В пахах коней клубилась пена.
– Что за земля? Один песок.
– А у нас едешь займищем – и с конем не видно. Па-ахнет. Вечером вернешься домой с сенокоса, как пьяный.
– Сухота. Как тут люди живут?
– Давай, Чакан, заводи!
Чакан, распрямляясь в седле, неожиданно басом оглушал:
Ехали казаки
Со службы домой,
На плечах погоны,
На груди кресты…
– Эй, станичник, твой сынок едет. Сейчас опять за песню будет срамить.
Подъезжал командир эскадрона.
– Опять вы, папаша, баламутите! Крестами царь за контрреволюцию награждал…

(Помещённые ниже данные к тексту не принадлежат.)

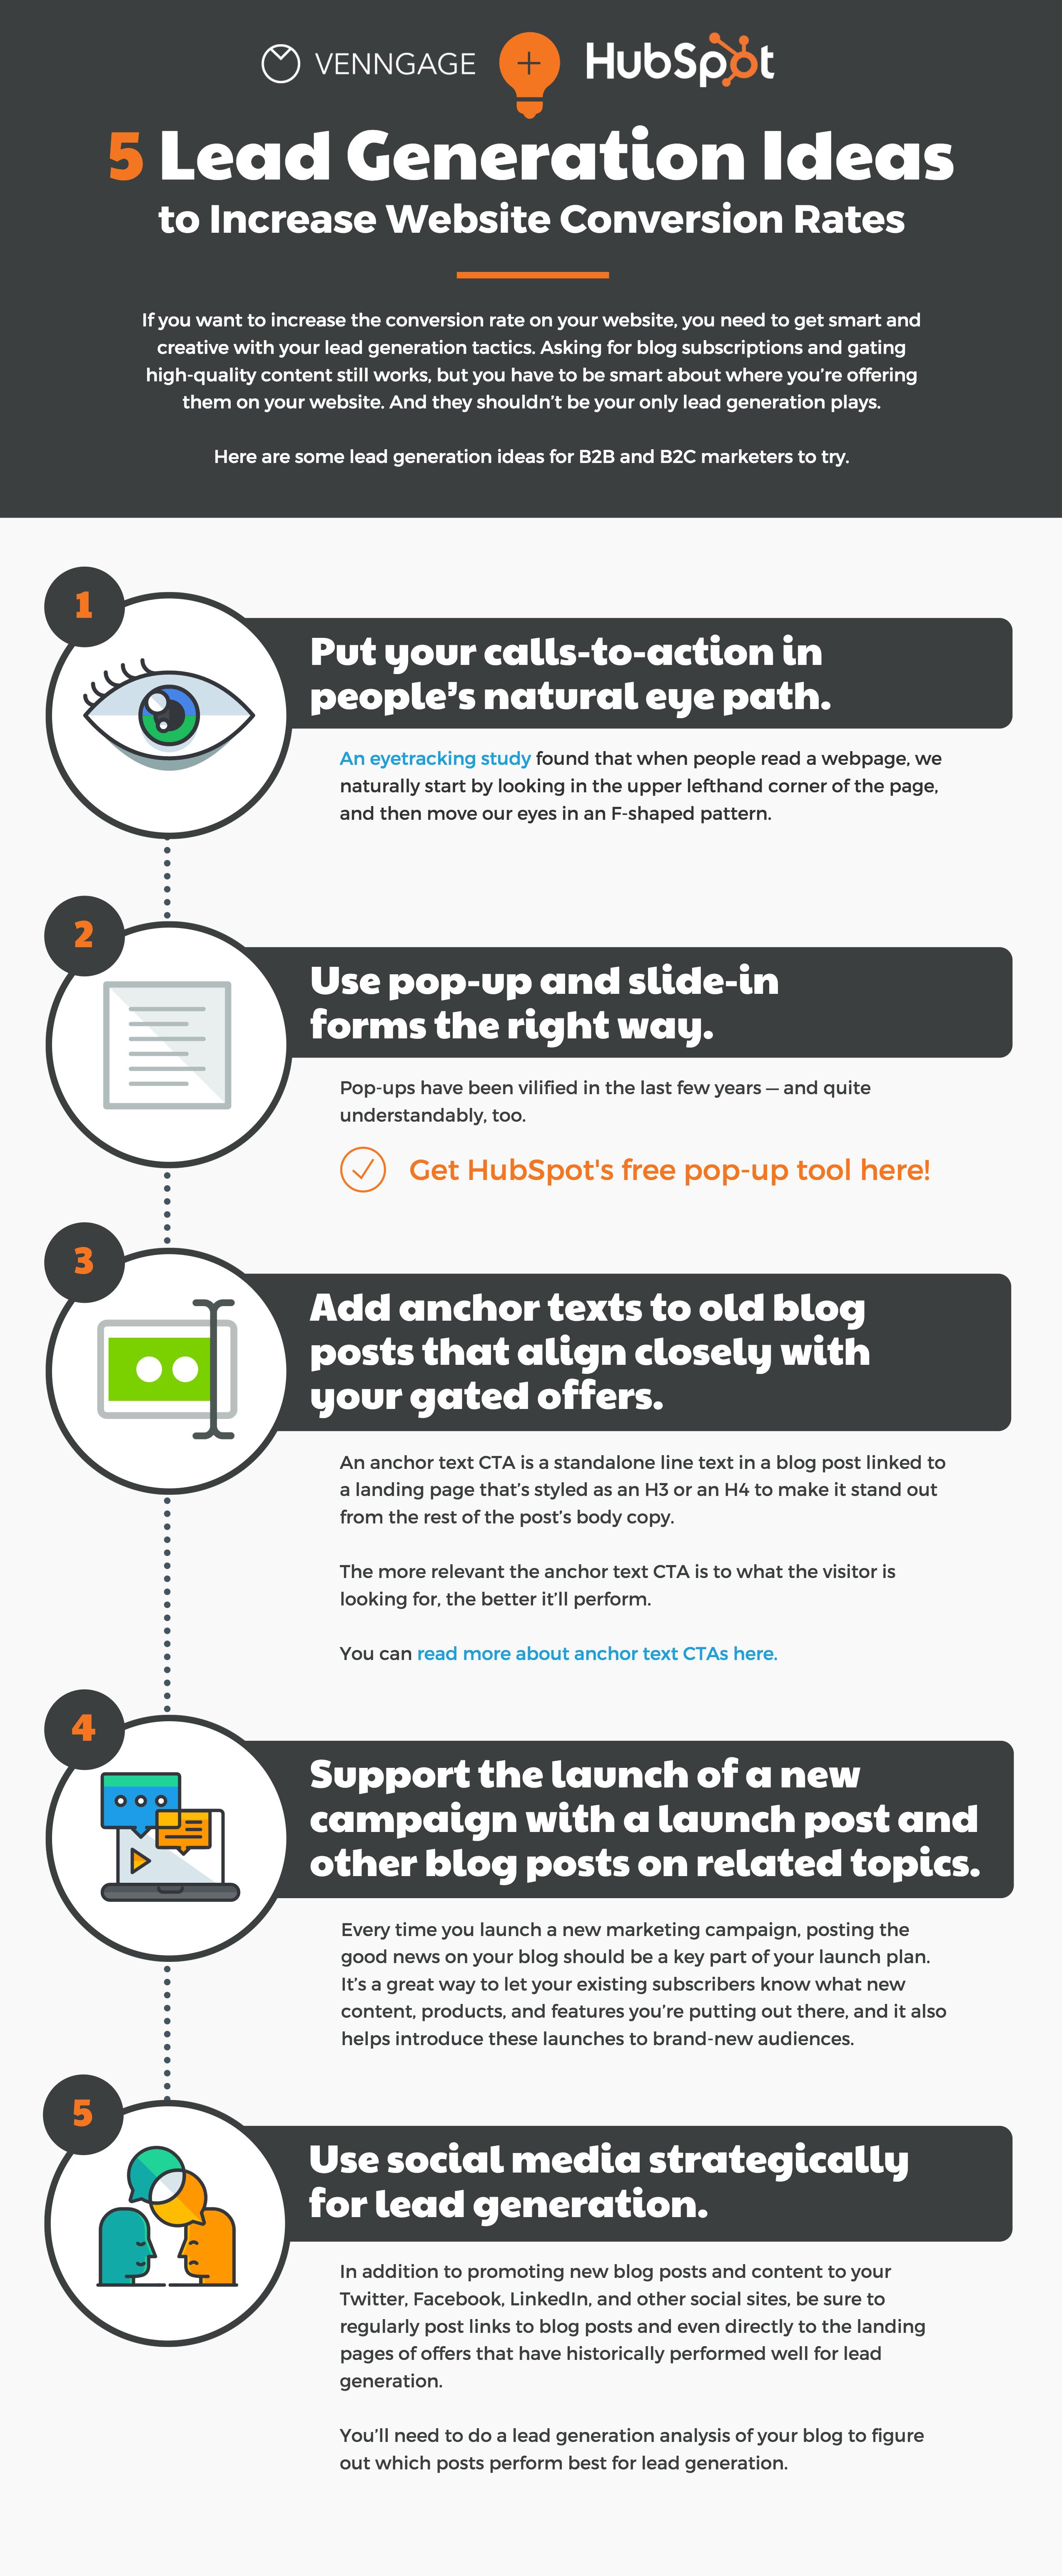 hubspot infographic template - Onwe.bioinnovate.co

– Я там не знаю за что, а только когда Георгия получал, не об царе думал.
– Мало на Дону других песен?
– В нашем взводе эту лучше всех знают.
Сквозь взвихренную копытами желтую мглу светило ноябрьское солнце.
– Милованов! – прошелестело по рядам.
Мимо на рыжем жеребце ехал всадник в черной бурке. Когда ветром отворачивало полу бурки, на шароварах всадника вспыхивал двойной генеральский лампас.
– Милованов…
Жеребец быстро нес его мимо эскадронов, но глаза из-под серой шапки успевали замечать: «Лошади давно не поены. Люди спят в седлах».
Полковник в черной кубанке, с откинутым за плечи синим башлыком, отделяясь на каурой кобыле от головного эскадрона, поскакал навстречу. Правая рука полковника коснулась края заиндевелой кубанки. Жеребец, ощеривая желтые зубы, хотел куснуть кобылу, но Милованов вовремя увернул его. Лошади, всхрапнув, пошли бок о бок.
– Разведка?
– Вернулась, товарищ генерал.
– Уходят?
– И всё жгут. Хутор Чернышев – остались одни стены. Кречетов – дотла. Жителей угоняют с собой.
– Колодцы?
– Засыпаны. Обозы отстали. Передохнуть бы один день.
Не отвечая, Милованов сощуренными глазами смотрел мимо него. Из поравнявшегося с ними эскадрона выехал казак на короткохвостом коне. Потоптался на месте, оглянулся и потом решительно тронул коня вперед. Не доезжая, козырнул и пошевелил пушистыми усами.
– Разрешите обратиться, товарищ генерал?
Милованов, наклонив голову, рассматривал его. Как-то особенно подобранно сидел он в седле. Все у него было небольшим: и он сам, и кургузый, круглобокий конь, и карабин, притороченный к седлу.
– Я за кресты…
Бровь генерала полезла вверх. Всадник, заторопившись, сунул руку в карман.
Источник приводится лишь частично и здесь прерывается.